Dans leur préface à leur ouvrage, Alvesson et Billing (1997) déplorent une sous-sensibilité (under-sensitivity) persistante de la recherche vis-à-vis du genre, soulignant qu’encore aujourd’hui de nombreux travaux ne portent pas leur attention sur le genre. La théorie des organisations a traditionnellement et jusque dans les années 80 négligé ce qui touchait au genre (Alvesson et Billing, 1997). Soit seuls les hommes étaient considérés comme des sujets de recherche dignes d’intérêt et les femmes étaient absentes à la fois comme sujet et objet de recherche. Soit les individus étaient considérés d’un point de vue « neutre », c’est à dire masculin, en fait. Prétendant étudier des individus abstraits, les recherches se sont en pratique focalisées – et se focalisent toujours – sur les hommes et le masculin, voire sur une élite masculine (Alvesson et Billing, 1997). Une partie de la recherche, en particulier la recherche en management, aborde le genre comme une variable d’étude (« gender-as-a-variable » approach). Différents phénomènes sont analysés par le biais de corrélations, comparatifs, différences, opposition entre hommes et femmes. On ajoute, ni plus ni moins, un critère « femmes » pour étudier différents phénomènes. Ceci a conduit certains chercheurs à la conclusion que toute la littérature en management présente un biais masculin (Alvesson et Billing, 1997).

Des approches alternatives, dites « critiques », se sont toutefois développées pour questionner la culture organisationnelle au regard du genre. Selon ce courant de recherche, toutes les structures organisationnelles sont au contraire à observer comme porteuses de signification culturelle et productrices d’idées en termes de genre. Certains auteurs estiment/avancent que les structures organisationnelles et le fonctionnement des organisations doivent être considérés selon cette dimension du genre (Alvesson et Billing, 2002).

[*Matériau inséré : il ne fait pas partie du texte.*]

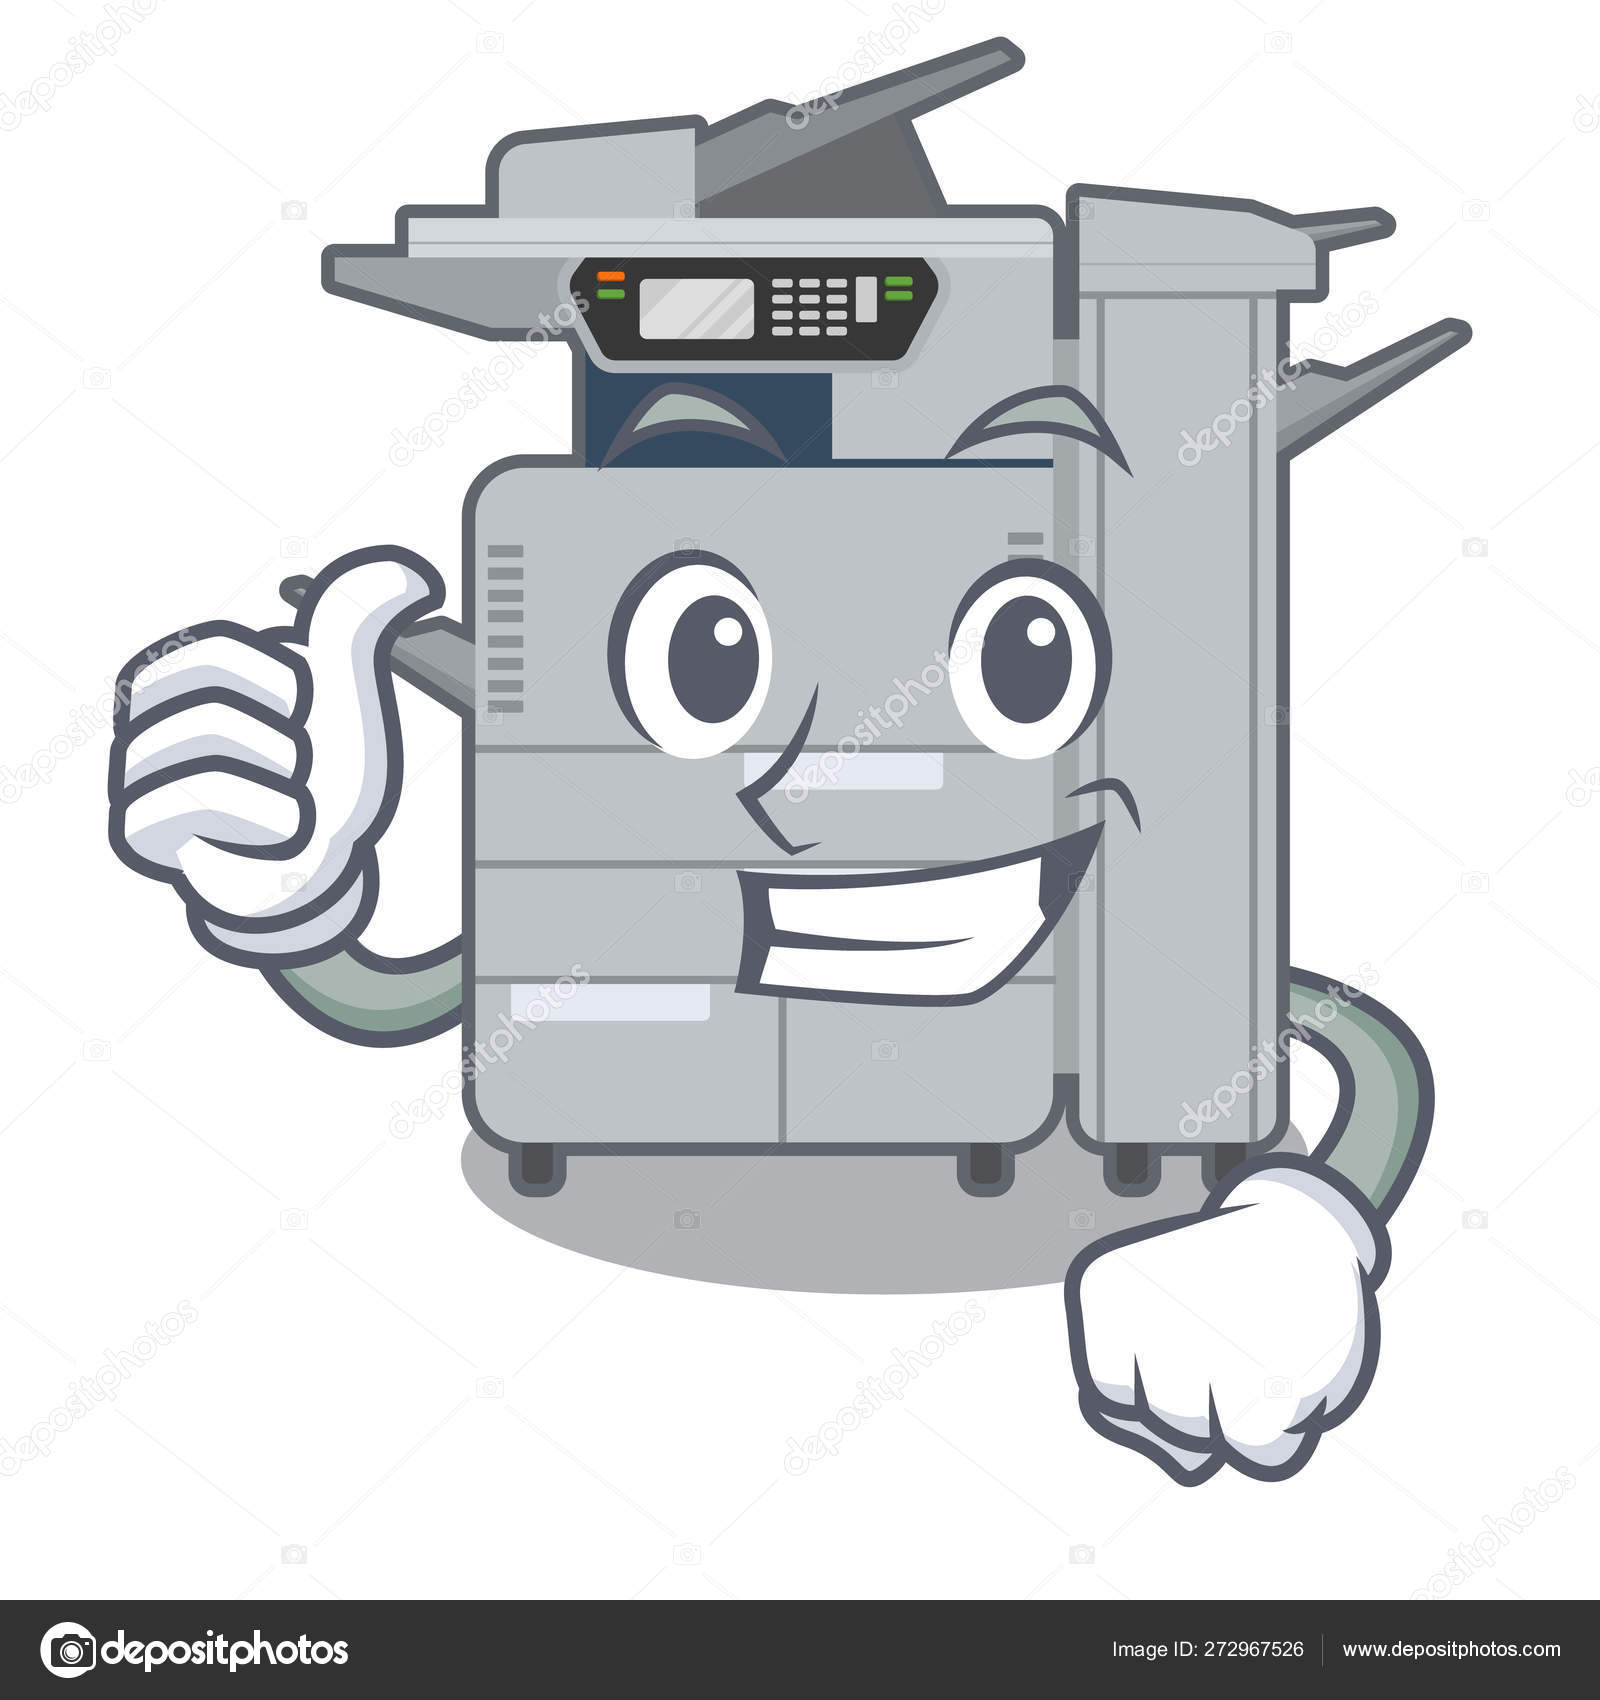 Photocopying Vector Art Stock Images | Depositphotos

Après ces considérations générales sur le genre au sein de la recherche en sciences des organisations, notre propos est de nous focaliser maintenant sur la recherche croisant genre et audit.

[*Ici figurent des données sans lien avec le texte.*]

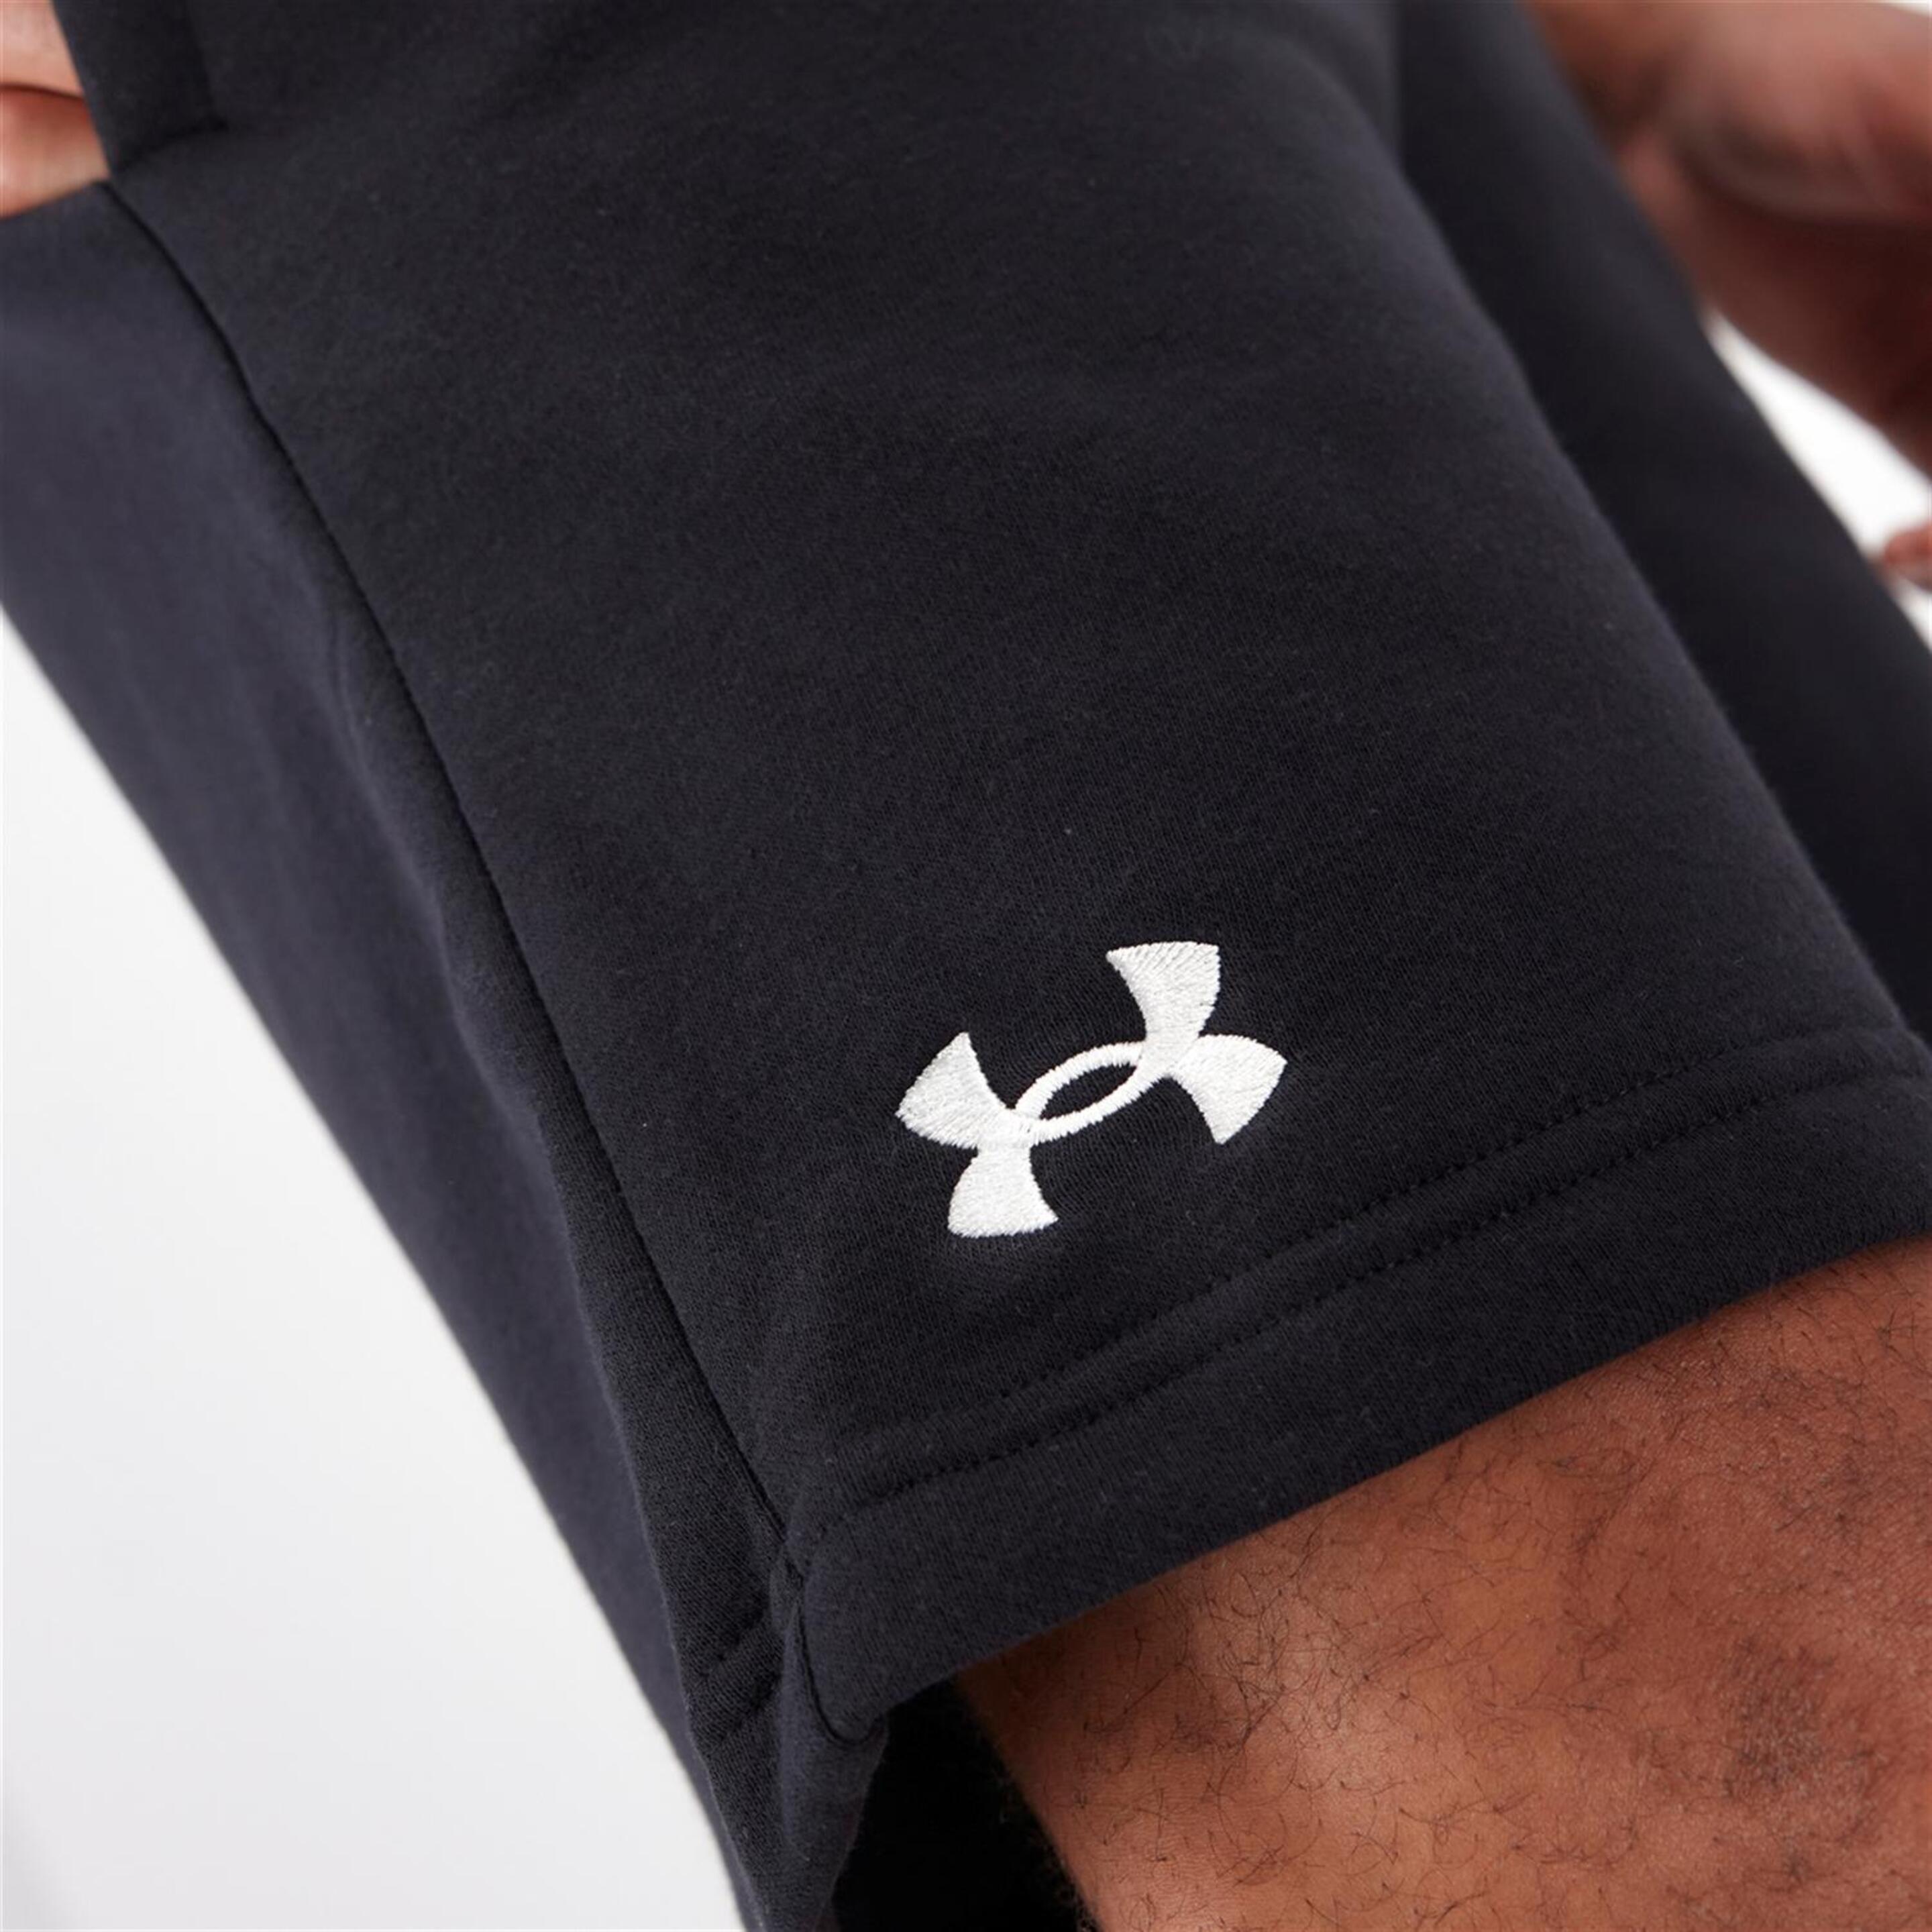 Under Armour Rival

I.1.2 La recherche croisant audit et genre

La littérature croisant genre et audit présente un certain nombre de caractéristiques que nous avons relevées au fil de nos lectures. Notre propos est d’en développer 3 qui nous ont paru particulièrement saillantes : tout d’abord le fait qu’il s’agit d’un champ de recherche encore marginal, ensuite la mise en évidence de la prééminence des études anglo-saxonnes et enfin le constat du silence académique français.

Considérant l’audit légal comme une sous-discipline de la comptabilité, nous avons étendu notre revue de littérature à la comptabilité au sens large.